After hiking another 30 minutes from the Twelve Gongen, we arrived at Shin-taki. The waterfall was once the Shin in Shin-take was spelled with the Chinese symbol for "Holy", and not the symbol for "New" as it is now, a true waterfall of faith. Next to the waterfall, an ascetic's hut was for ascetics to sleep for 75 or 100 days of the year and is still in use.

The rock cave where ascetics are said to have slept
You can enter the backside of the waterfall (*provided by the Kiso Ontake Tourist Bureau)

There is a hollow behind the Shin-taki, which can be entered. The reflection of the sun's light on the fine spray of water is a very mysterious sight.

Kiyo-taki Waterfall

The last waterfall to be visited after Shin-taki is Kiyo-taki. It is said that in the past, mountain ascetics would purify themselves in this waterfall before ascending to the top of the mountain. Around noon, it is very beautiful to see the sun shining in front of the waterfall and observed the rainbow-colored lights. In the winter, the waterfall can be seen completely frozen over.

Kiyo-taki Waterfall surrounded by beautiful autumn leaves (*provided by the Kiso Ontake Tourist Bureau)
A rainbow over Kiyotaki Falls (*provided by the Kiso Ontake Tourist Bureau)

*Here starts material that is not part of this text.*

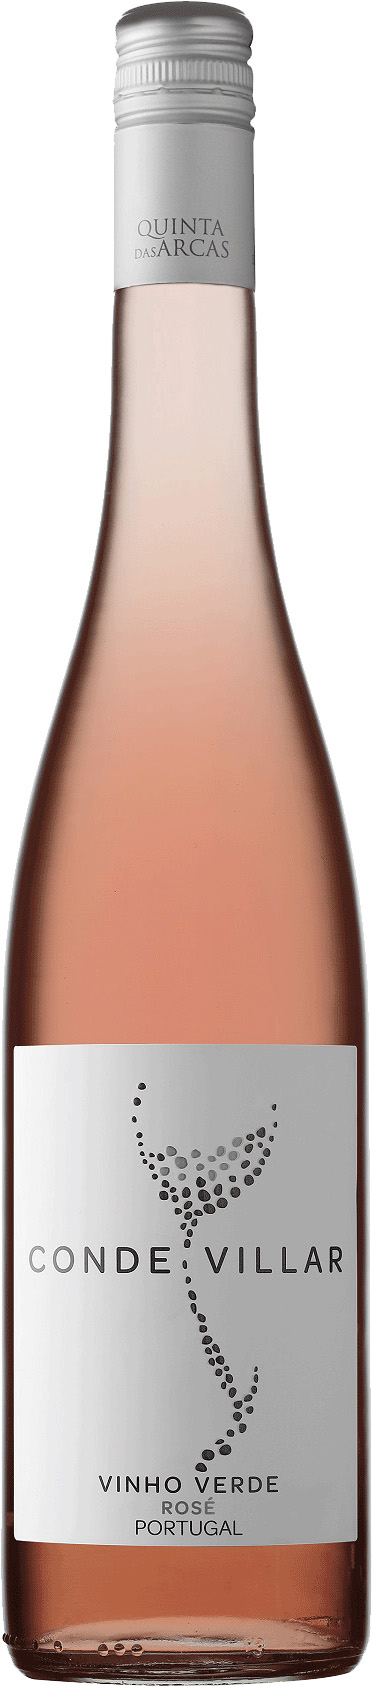 Quinta das Arcas - Conde Villar Vinho Verde - rosé | Solo-Vino | Die besten  Weine | Wein online bestellen | Weißweine

Also, in the summer season, you can experience waterfall purification rites, where you dress in white and stand in the path of the waterfall.


Lake Ontake and Mt Ontake
My guide Mr. Koshi

We returned to Omata Sansha and finished our walk along the Ontake Kodo hiking trail. On the way back to Kiso-Fukushima, I saw the shadow of Mount Ontake and the red leaves of the trees reflecting on the waters of Ontake Lake, which was very beautiful and divine. I hope you will visit the Kiso region, where you can feel the spiritual nature of Mount Ontake, experience the mountain faith, the harsh but rich nature, and the charms of Japan, in-depth.